The Term Loan Facility is guaranteed by substantially all of the Company’s wholly-owned U.S. and Australian subsidiaries, including the entities acquired pursuant to the Transaction, subject to customary exceptions. The Term Loan Facility is secured by (i) first priority security interests in substantially all of the Company’s fixed assets and (ii) second priority security interests in substantially all of the Company’s current assets, in each case, subject to permitted liens and other customary exceptions.
ABL Credit Agreement
On March 1, 2021, the Company entered into that certain Fifth Amendment to Amended and Restated Credit Agreement, First Amendment to Guaranty and Security Agreement and Joinder (the “ABL Amendment”), among the Company, the Borrower and the other borrowers from time to time party thereto, the lenders from time to time party thereto and Wells Fargo Bank, National Association, as administrative agent, which amended that certain Amended and Restated Credit Agreement, dated as of June 30, 2017 (as amended, restated, amended and restated, supplemented or otherwise modified from time to time prior to March 1, 2021, the “ABL Credit Agreement” and, the asset-based revolving loan facility established thereunder, the “ABL Facility”).

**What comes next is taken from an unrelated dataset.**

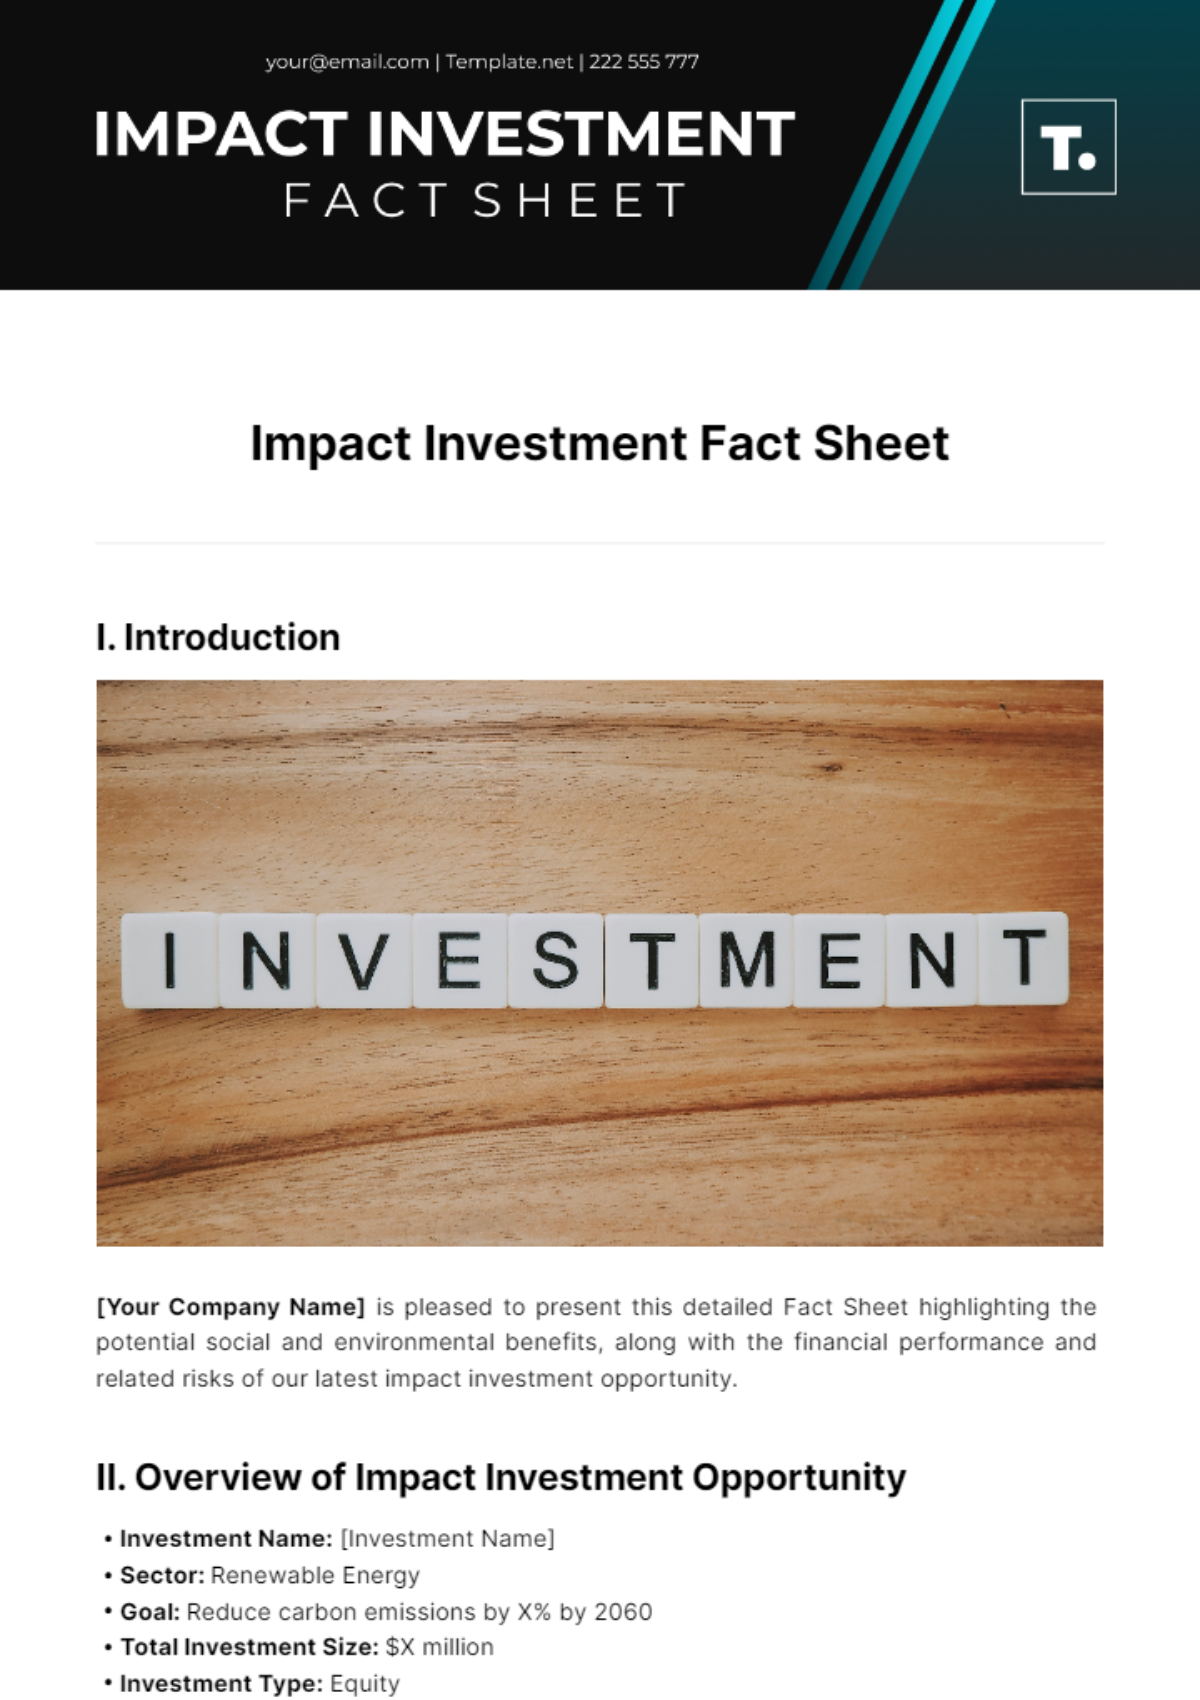 Impact Investment Fact Sheet Template
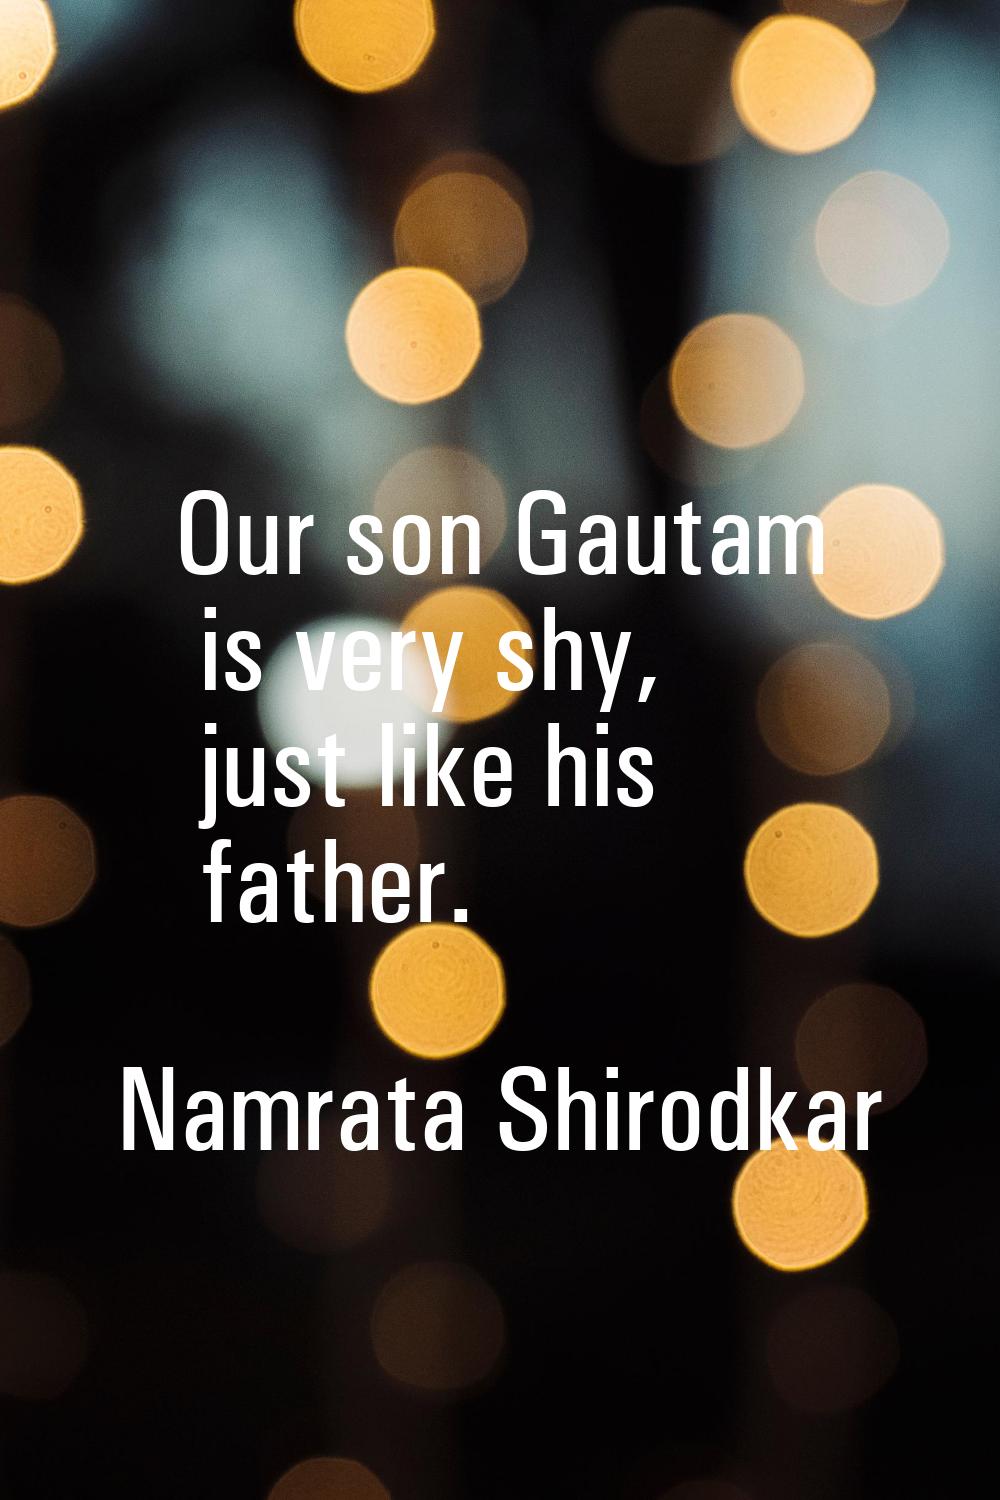 Our son Gautam is very shy, just like his father.

The ABL Amendment was entered into in order to permit the term loan refinancing, the Transaction and make certain other changes to the ABL Credit Agreement, including, among others:
| • | reduce the interest rate per annum to (i) 3.00% (for LIBOR loans) and (ii) 2.00% (for base rate loans); |
| • | reduce the commitment fee on undrawn amounts under the ABL Facility to 0.375%; |
| • | extend the maturity date of the ABL Facility to March 1, 2026. |
| • | add the Australian subsidiaries acquired pursuant to the Transaction as borrowers and guarantors, and establish an Australian borrowing base; and |
| • | make certain other conforming changes consistent with the Term Loan Agreement. |
The ABL Facility is guaranteed by substantially all of the Company’s wholly-owned U.S. and Australian subsidiaries, including the entities acquired pursuant to the Transaction, subject to customary exceptions. The ABL Facility is secured by (i) first priority security interests in substantially all of the Company’s current assets and (ii) second priority security interests in substantially all of the Company’s fixed assets, in each case, subject to permitted liens and other customary exceptions.
The foregoing descriptions of the Term Loan Agreement and the ABL Amendment do not purport to be complete and are qualified in their entirety by reference to the actual terms thereof, copies of which have been publicly filed.